_Assignment:_ Retype the material below exactly, from its first line through the line with "Appel de casting."; the pictures stay out.

*** Supplied records ***

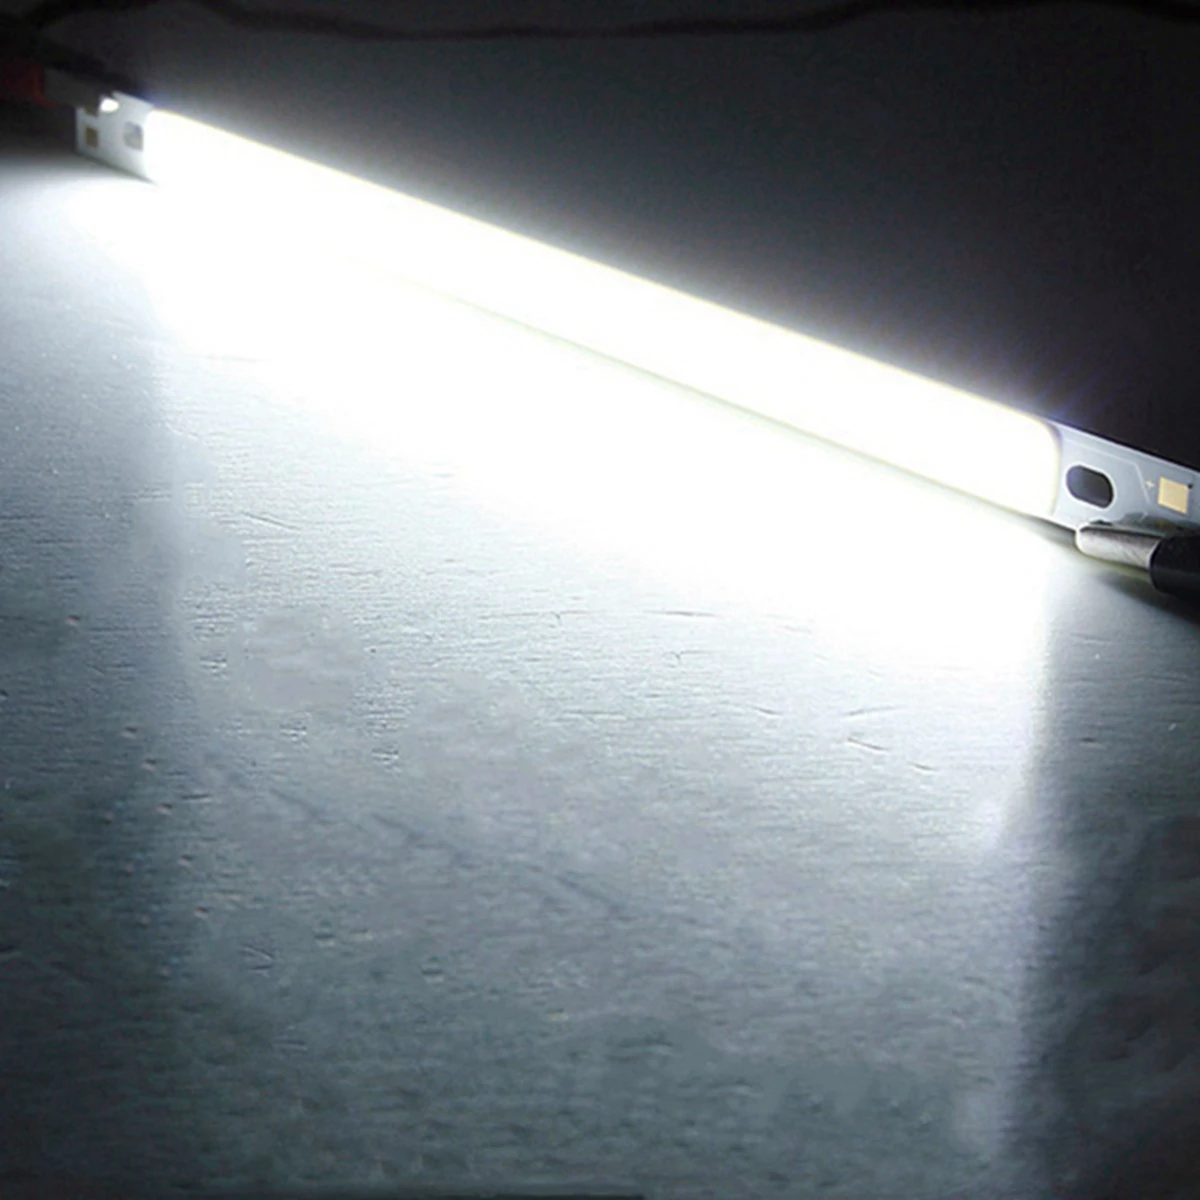 10 Вт сов монолитный блок светодиодов Светодиодные полосы Бар свет лампы светильник-прожектор заливающего света чистый белый теплый белый 1000LM для DIY освещения 200x10 мм DC12-24V - Испускаемый цвет: Pure White
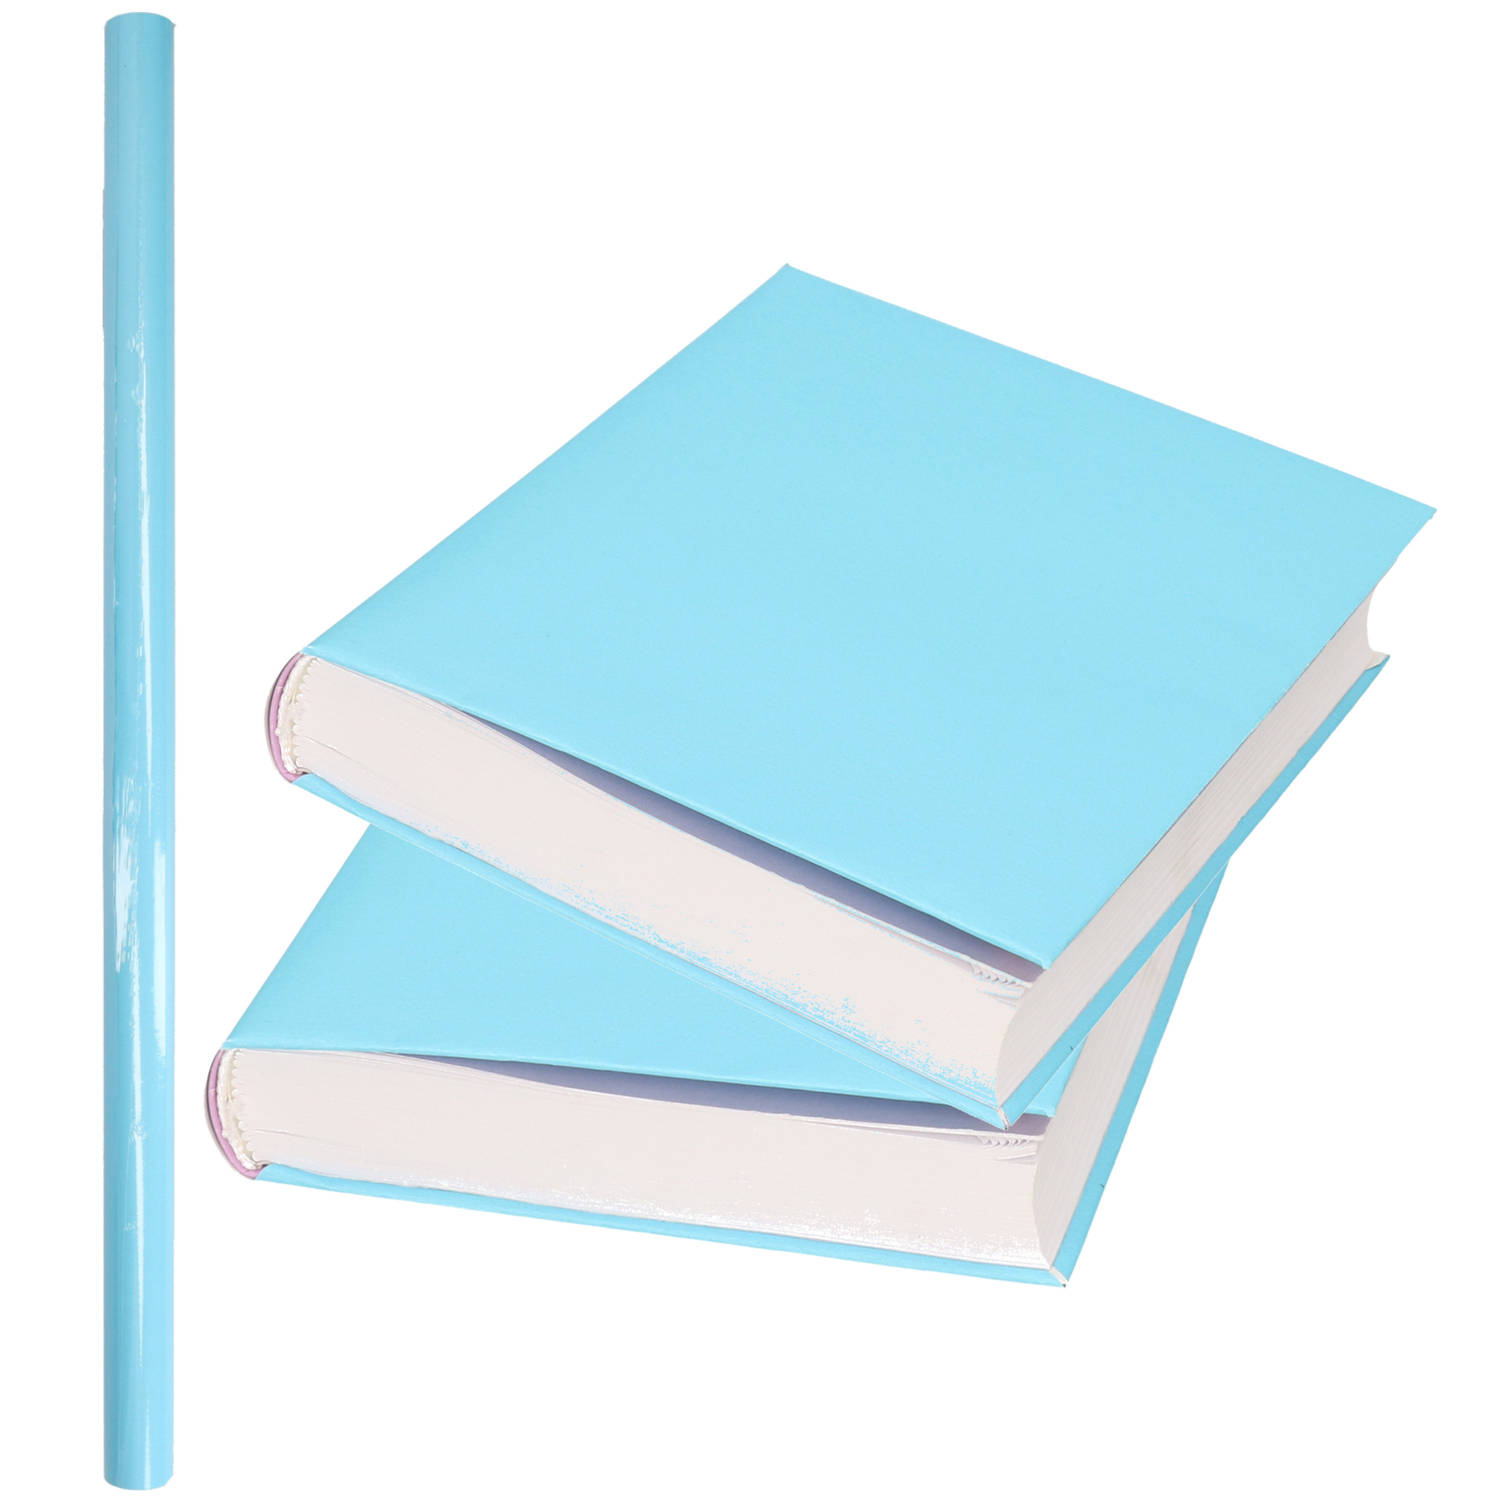 1x Rollen kadopapier / kaftpapier 200 x 70 cm - pastel blauw - kaftpapier voor schoolboeken / boekenkaften
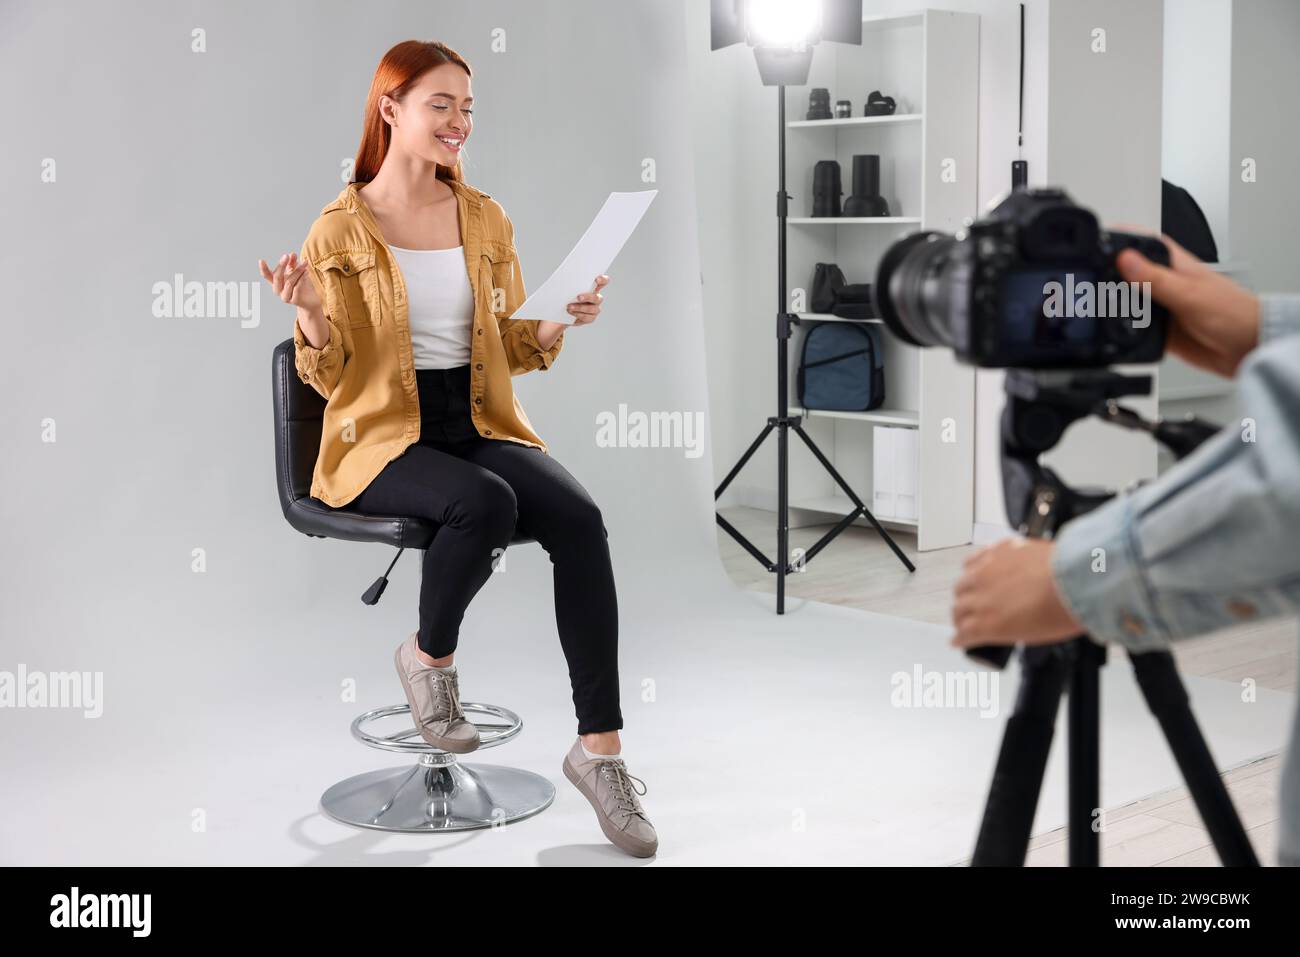 Appel de casting. Femme avec script jouant pendant que le caméraman la filme sur fond gris clair en studio Banque D'Images
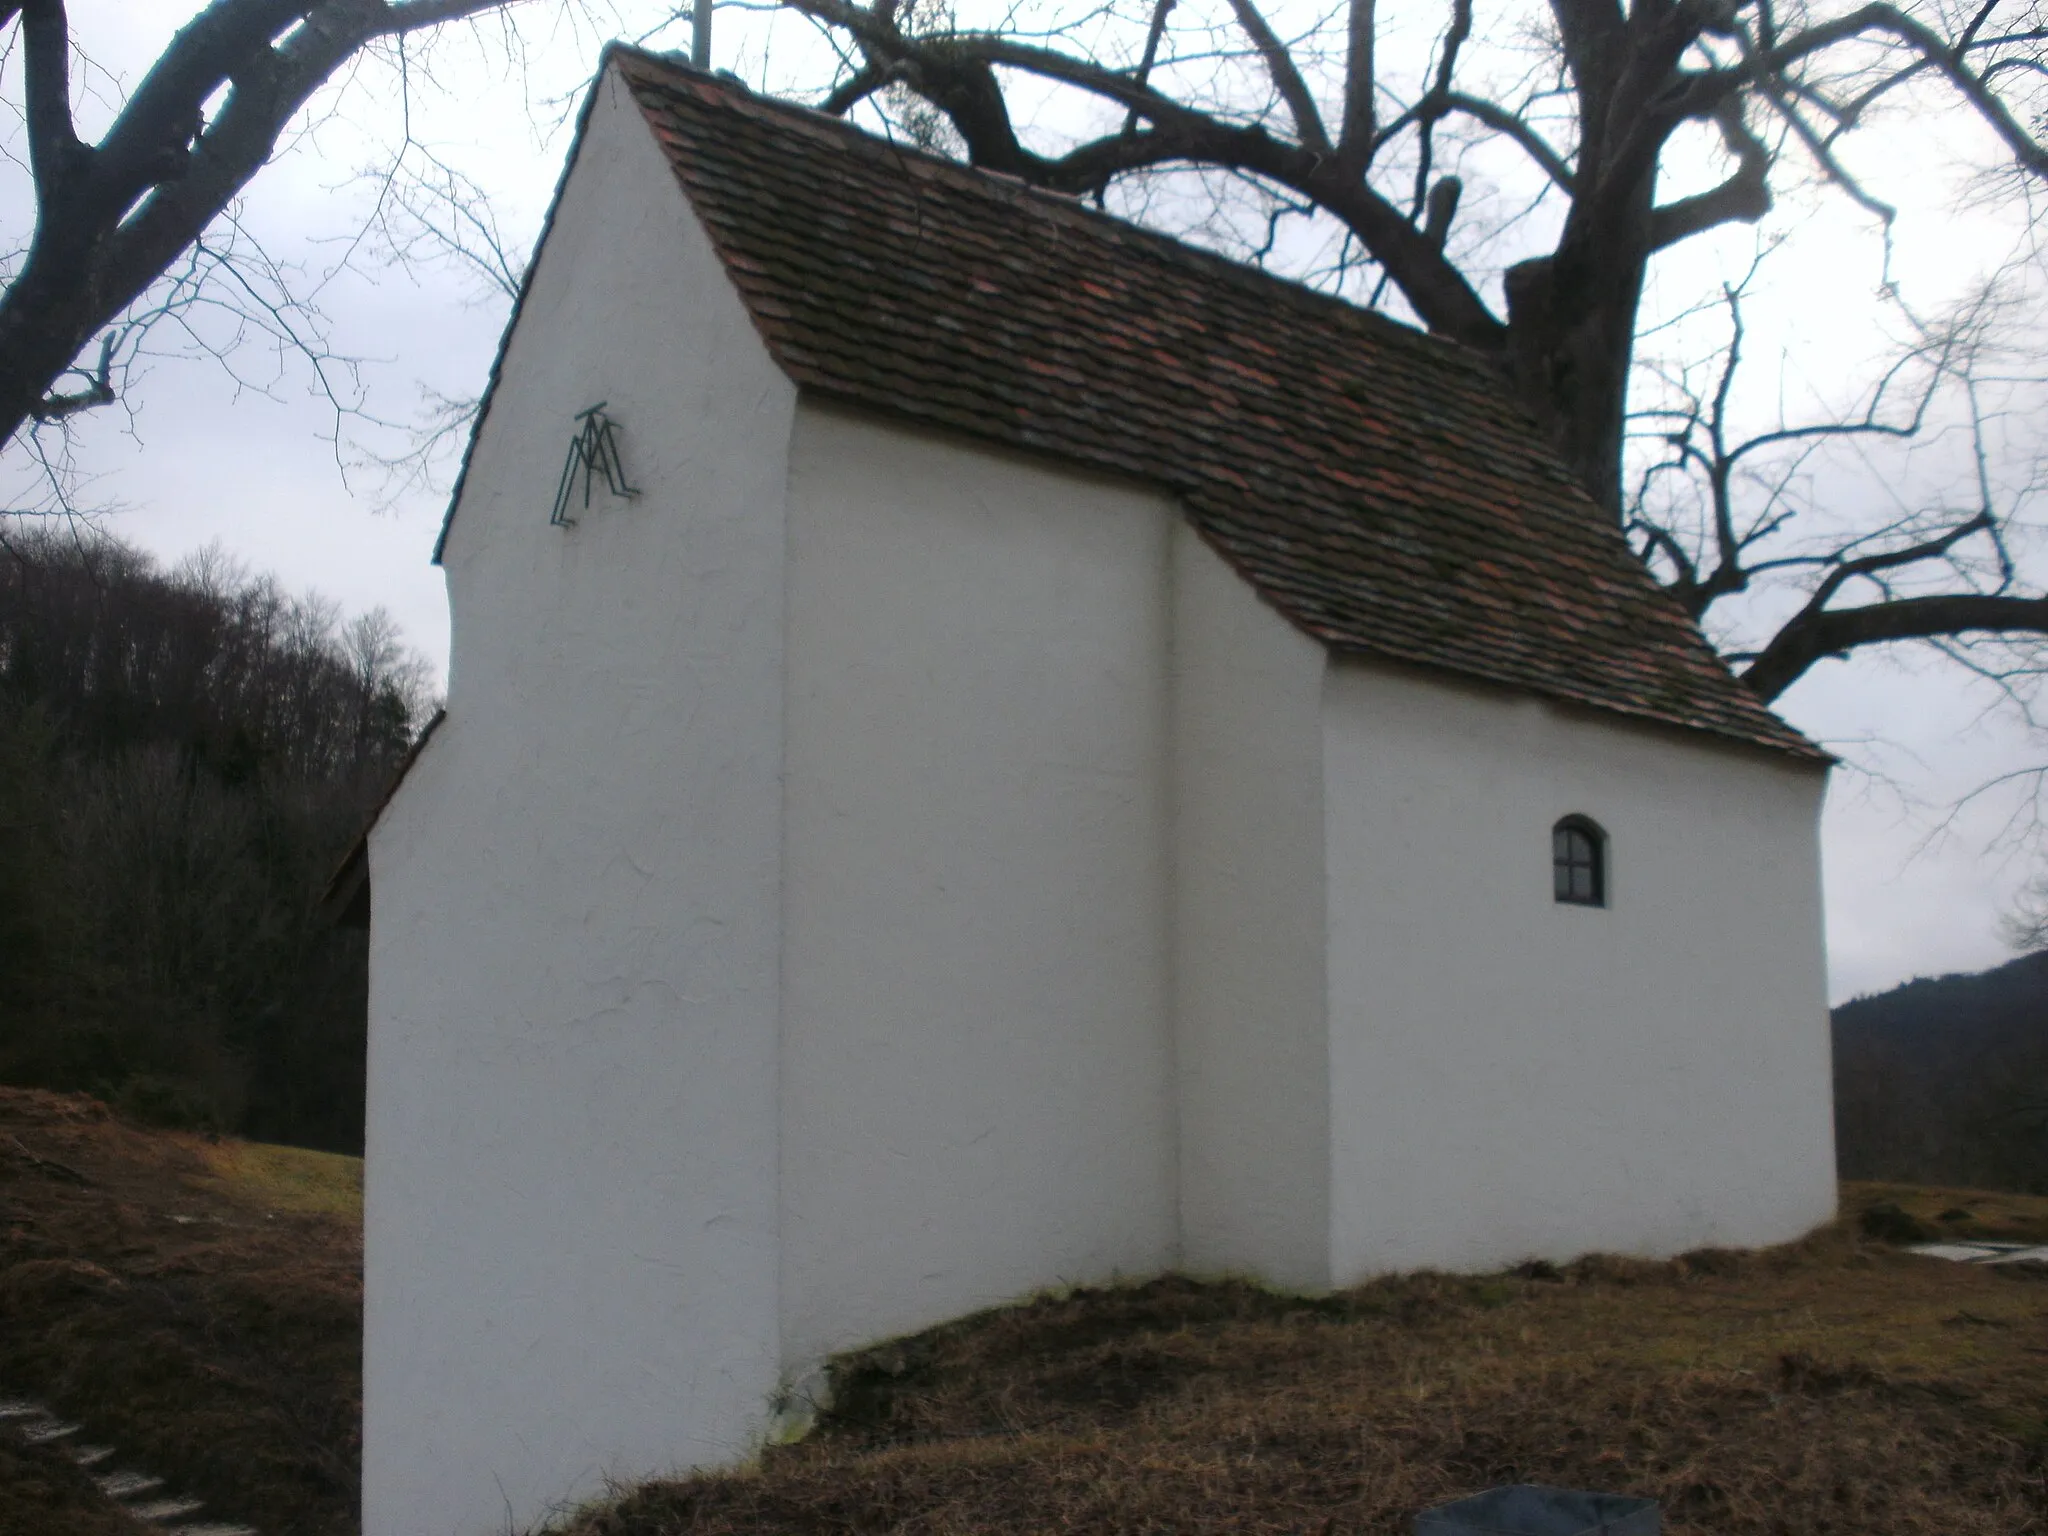 Photo showing: The Reiterleskapelle (build 1714) near Waldstetten (Ostalbkreis), Germany
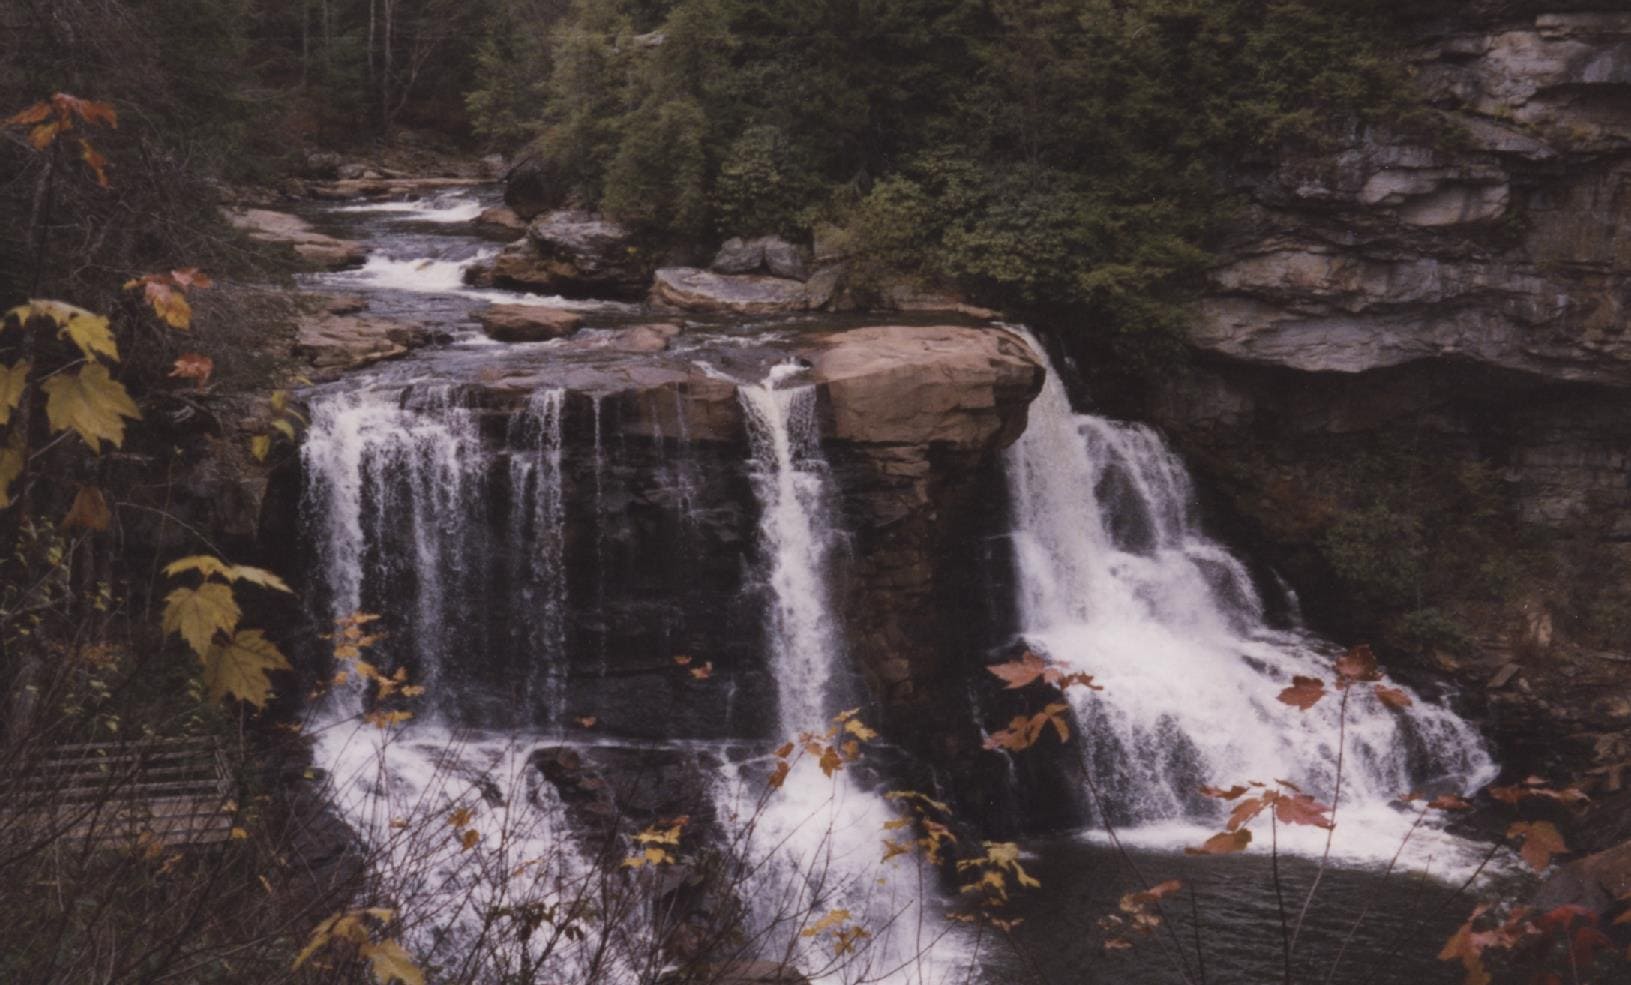 Blackwater Falls - West Virginia

*** End of Supplied records ***

_Solution for this task:_
 10 Вт сов монолитный блок светодиодов Светодиодные полосы Бар свет лампы светильник-прожектор заливающего света чистый белый теплый белый 1000LM для DIY освещения 200x10 мм DC12-24V - Испускаемый цвет: Pure White
 1x Rollen kadopapier / kaftpapier 200 x 70 cm - pastel blauw - kaftpapier voor schoolboeken / boekenkaften
 Appel de casting. Femme avec script jouant pendant que le caméraman la filme sur fond gris clair en studio Banque D'Images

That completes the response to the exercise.